Escribo en las vísperas de mi cumpleaños. Nunca me sorprende la edad a la que ingreso, porque por lo menos desde cuatro meses atrás me la vengo adjudicando. Mi relación con la edad no está determinada por el temor a la pérdida de la juventud, las arrugas o el colágeno. De verdad creo que los años son una cuestión interna, un estado mental. Que es el querer seguir haciendo cosas, creciendo en tu profesión, cambiando de profesión, experimentando en la vida y en nuevos saberes, el elixir de la juventud.
Hace poco encontré la palabra que no quiero que me embargue y no se la deseo a nadie: midorexia, el miedo extremo a envejecer. A mí me gustaría verme como Ángela Molina y no como Pamela Anderson. Escucho a algunas conocidas que siguen viéndose o aspiran a verse como bombas sexuales, o a enamorarse perdidamente tal cual lo hicieron en la primera juventud, habiendo como olvidado que ya se casaron dos veces, que tienen hijos treintañeros, que van para abuelas o son abuelas, que atravesaron el amor y que el amor las atravesó más de una vez. Hay una obsesión por reeditar las experiencias de la juventud, sin recordar que ahora somos una versión corregida y ampliada de aquella primera edición.

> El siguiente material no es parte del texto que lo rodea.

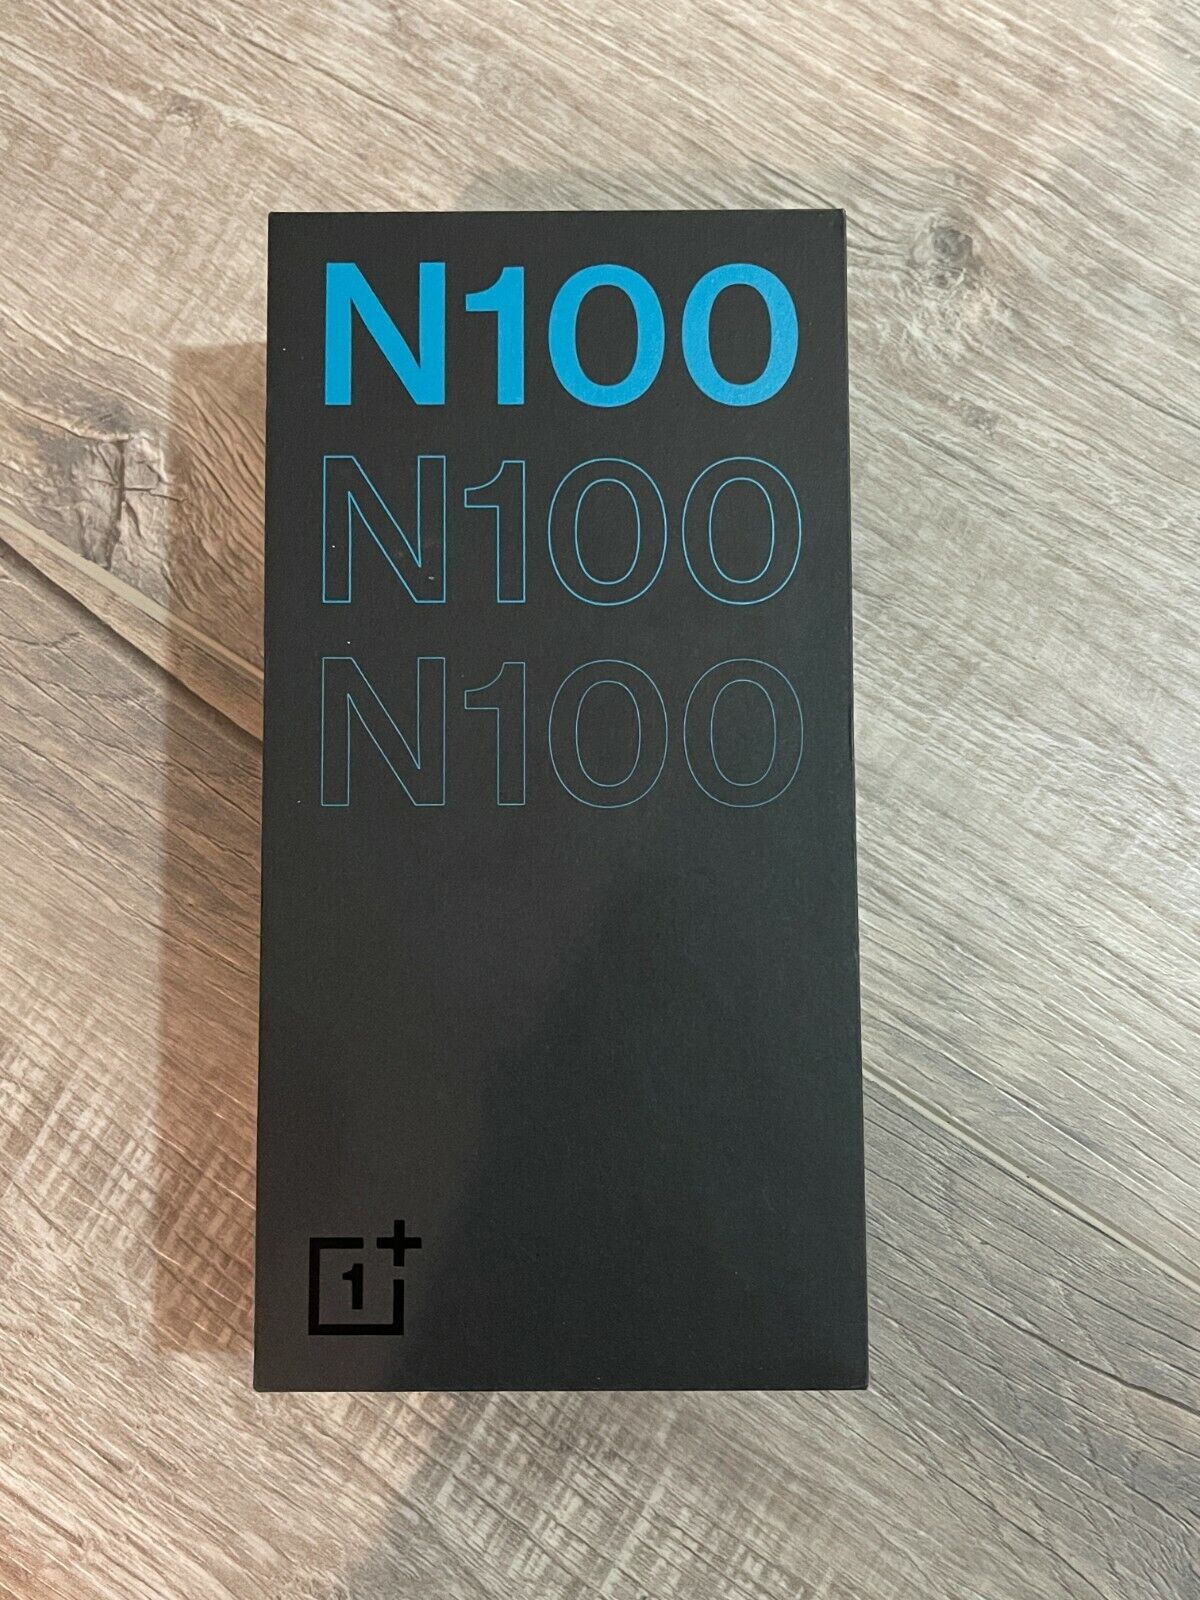 oneplus Nord N100 (4gb/64gb) box pack brand new pta approved 10/10 pack set (contact 03452174314)

Yo quiero envejecer contenta, lo más saludable y lúcida posible.
Mi relación con la edad está determinada por la literatura.
Me decidí a que la literatura iba a ser mi vida, luego de cuatro años cursados en la carrera de Psicología en la Universidad de Rosario. Tuve una crisis vocacional y dejé la carrera. Mis padres me quisieron matar -hoy pienso que con razón-. Empecé a escribir cuentos, sola, porque me daba vergüenza ir a un taller literario. Andando los años me animé y cursé varios años en el taller de Hebe Uhart y estudié con Mauricio Kartún. Comencé con el periodismo cultural, en varios medios gráficos. Y consideré que enviar materiales a concursos literarios podía ser una buena idea para visibilizar mi trabajo y además ganar un premio que pudiera sustentarme por un tiempo. En aquella época, a fines de los ’90, era muy difícil editar siendo joven. Esa opción estaba reservada a los genios estilo Arthur Rimbaud. Antes de los 25 años casi nadie te tomaba en serio y mucho menos las editoriales; y yo tenía 25 años. No les interesaban nuevas voces, las fórmulas comerciales de la literatura juvenil no existían o se consideraban despreciables. Es más: ¡recién se estaba inventando en la Argentina la literatura juvenil!
En mi época -según Mauro Libertella cuando uno dice “en mi época” se refiere a sus 20 y sus 30 años- a alguien que escribía se lo empezaba a llamar escritor después de los 40 años. Antes de los 40, eras un chiste. De allí que siempre me pareció que cada año que cumplía me hacía más experta, más sabia, mejor parada a la hora de escribir. Y lo sigo creyendo, igual que ustedes saben en sus corazones que la sabiduría habida en sus oficios, tiene el valor de mil liposucciones.